The plan is informed by his experience operating Marshall, the district’s application-based magnet that takes about a fourth of its kids. It also acknowledges differences.

Camp Curtin

Camp Curtin Middle School sign

“You can’t operate Camp Curtin the same way that you would operate Math Science,” Jones said, acknowledging Marshall is a much larger school by design.

His plan proposes creating a two-school middle school system with four tracks overall. Marshall Math and Science Academy would be the track for the district’s STEM-focused students, he said. Camp Curtin would house the other three: business, arts and general education.

“We think about Camp Curtin as the ‘Camp Curtin Academy of Arts and Business,’” Jones proposed.

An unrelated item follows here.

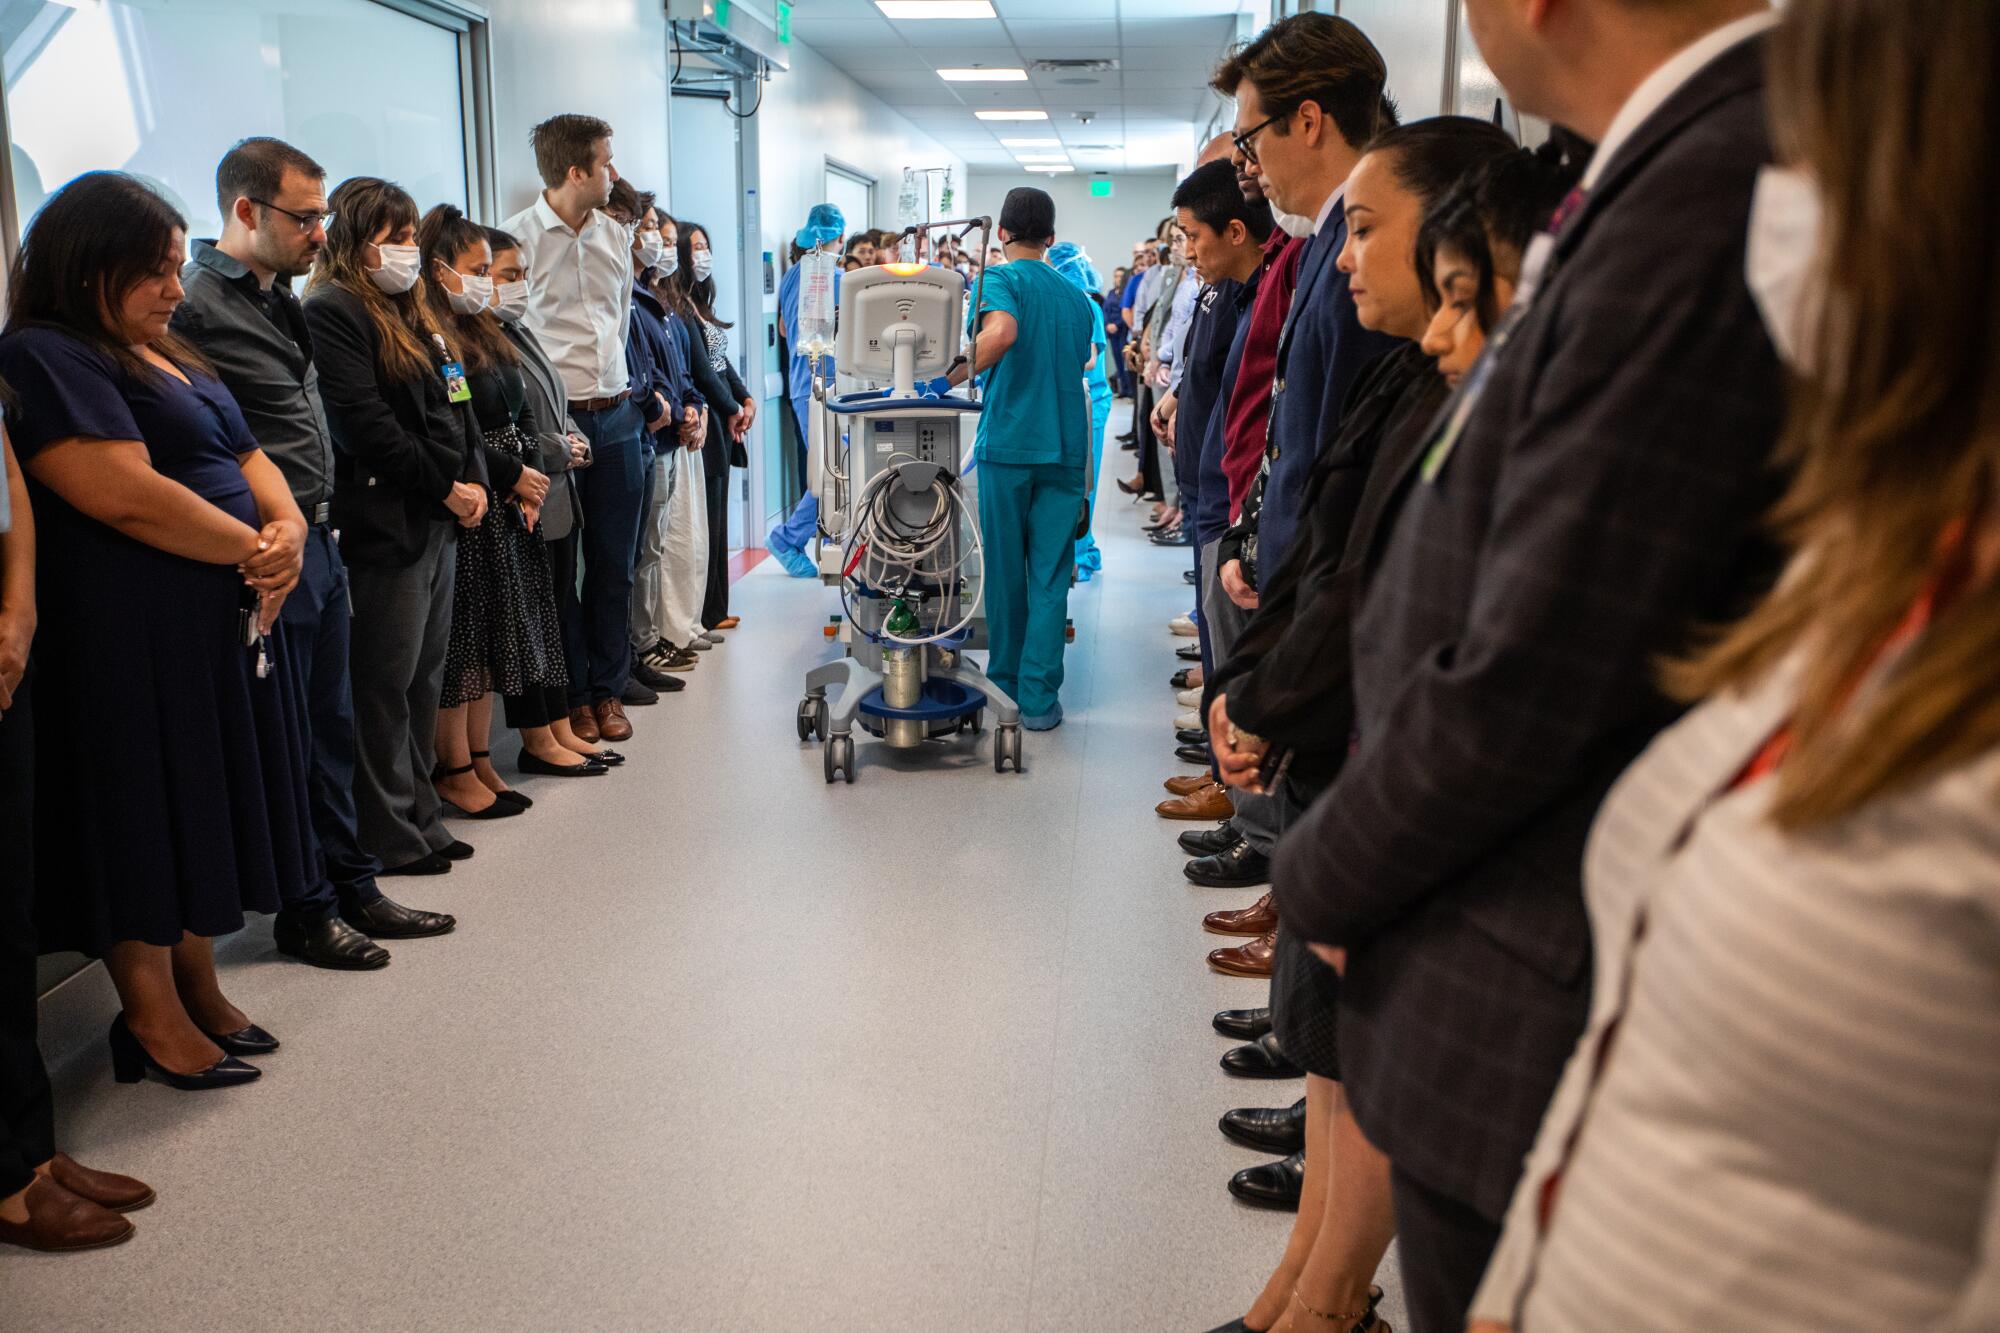 People line a hallway as staff in scrubs push through with a hospital bed flanked by a stand with a monitor.

He thinks adding specialty tracks at the school would get students excited about learning again.

“By adding electives and giving students agency and choice, you offer them the opportunity to explore,” Jones said.

Such tracks would be implemented three to five years into his post, he said. But that is the vision he has in mind coming in.

As he and his leadership team navigate his first two years, they will lay the groundwork for the bigger change.

This includes changing the school’s master schedule to aim for 20 to 25 students per classroom next year. And implementing common planning time for teachers in the same grade bands so they can discuss common students.

The plan also moves classrooms around in the school to better keep grade levels together in newly designated ‘zones’ of the building, so they don’t have to cross paths. The new building zones will also better support safety monitoring during transition times, he said.

“There’s no reason for other grade levels to cross paths,” he said.

What’s more, he’s implementing discipline systems that focuses on reflection, teacher-student conversation, and student accountability.

“Discipline when done right is a proactive thing, not a reactive thing,” Jones said.

Board president Roslyn Copeland

While the team does anticipate some difficult behaviors, he emphasized that his administrative team is built of professionals equipped and experienced to handle it.

Multiple board members thanked Jones for the comprehensive presentation.

Board member Doug Thompson-Leader pointed out that Jones’ former assistant principal at Marshall, Amy Grab, will be assuming the top post there, giving the district an advantage. As close collaborators, the educators will help the district as it moves forward with the two-school middle school plan, he said.

Board member Annie Hughes, meanwhile, asked where the most likely points of failure for the plan would be.

“Loss of staff,” Jones said.

Board members also questioned if teachers and parents felt comfortable with the plan. Jones said he plans to talk to both groups further and will invite district parents to hear a similar presentation this summer.

The board will vote on whether or not to close Rowland Academy next week. The district completed phasing middle school students out of the building by sending them to Camp Curtin earlier this month.

The middle school consolidation effort is a district plan that began under state receivership in 2023, designed to save money on faculty and facilities.